Hilton Loses Ruling on His Father’s Will : Decision on Option Price of Hotel Firm’s Shares Could Give $300 Million to Charity

Times Staff Writer

In a decision that could be worth more than $300 million to charity, a Los Angeles County Superior Court judge ruled Friday that the Conrad N. Hilton Foundation is entitled to receive a block of 27.4% of the shares of Hilton Hotels, representing a controlling stake in the company.

Judge Robert I. Weil denied the claim of Barron Hilton, son of Conrad and chief executive of the Beverly Hills-based hotel chain, that he is entitled to buy the stock under an option in the late hotelier’s will.

The stock’s market value has increased from about $140 million to about $500 million since Conrad N. Hilton died Jan. 3, 1979. Barron Hilton had claimed the right to buy all of the stock at its value at the time of his father’s death.

The foundation would reap all the increased value under Friday’s ruling, which came at the close of a three-week trial.


‘Shelter Little Children’

Conrad Hilton’s will left the bulk of the estate to the foundation. In what Weil called a “beautiful provision,” the will eloquently counseled its directors to relieve suffering, “shelter little children” and “give aid to their protectors and defenders, the (Catholic) Sisters”

For 80-year-old James Bates, executor of Conrad Hilton’s estate, the outcome was a victory after a dogged battle.

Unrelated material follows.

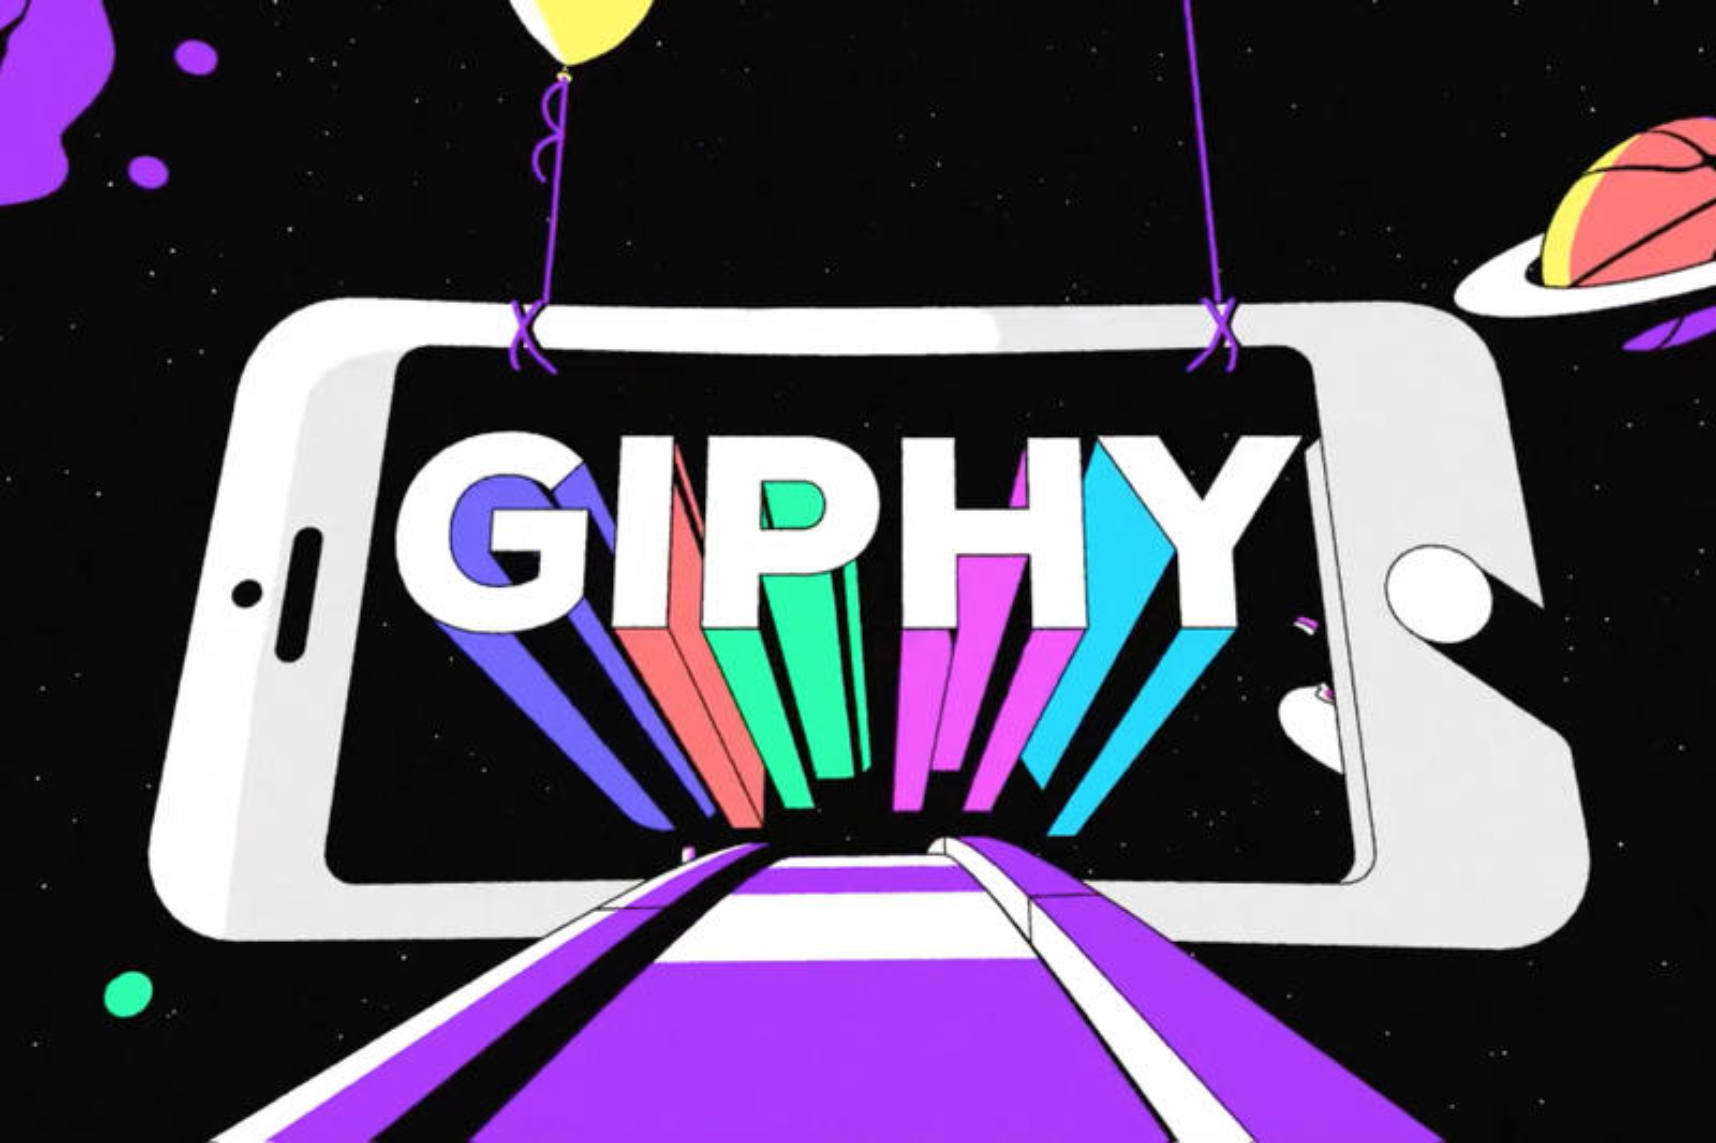 Resultado de imagen para Giphy

Until recently, it had pitted him and his attorney, Myron Harpole, against the president of the foundation itself, Donald H. Hubbs, who was also Barron Hilton’s attorney for some 30 years.


Weil ruled immediately after attorneys completed two days of final arguments. The timing took by surprise the attorneys and most observers, who thought he would take the case under submission and announce his decision later.

Barron Hilton, who had attended virtually every day of the trial, first as a witness and then as an observer, was not present for the verdict. His attorney told the court at the outset Friday that he could not attend because of a meeting in New York of the board of Manufacturers Hanover, of which he is a member.

Friday’s ruling, however, will not end the legal battle. Ronald Gother, an attorney for Barron Hilton, immediately said Weil’s ruling will be appealed.

Taking note of Hubbs’ past support of Barron Hilton’s claims and charges of conflicts of interest, Judge Weil said Friday that Hubbs is “a good man” who had been put in “an intolerable position” as a friend, confidant, attorney and accountant for Barron Hilton.


Deputy Atty. Gen. James Cordi said in his final argument in opposition to Barron’s claims that “I have had problems with his (Hubbs’) divided loyalties” but that “I do not have a problem with his honesty.”

Origins of Fight

Noting that Hubbs corroborated Bates’ testimony in several key parts, Cordi said Hubbs’ testimony “was very truthful indeed.”

Bates had launched his fight when Barron Hilton and his attorneys claimed that Barron was entitled to buy all of the hotel company shares instead of the 2% to 6% envisioned when Bates drew up Conrad Hilton’s last will in 1973.


Although Conrad Hilton had left the bulk of his estate to his charitable foundation, his will gave Barron an option to buy those hotel shares found by the Internal Revenue Service to be “excess business holdings.” According to Bates’ testimony, Conrad Hilton expected the foundation to be allowed to keep at least a 20% holding in the hotel chain.

One of the court’s rulings was that the foundation had properly acted to reform itself, as of last March 1, into a a so-called public support organization. In February, the IRS had ruled that the new organization would be free of any “excess business holdings.”

He said that the founder was strongly against leaving unearned wealth to his family and on several occasions told him he wanted to “cut down” Barron’s bequest, which was $750,000 in the last will.

Conrad’s daughter, Francesca, who was left $100,000, contested her father’s will in a legal battle that she lost in February, 1983.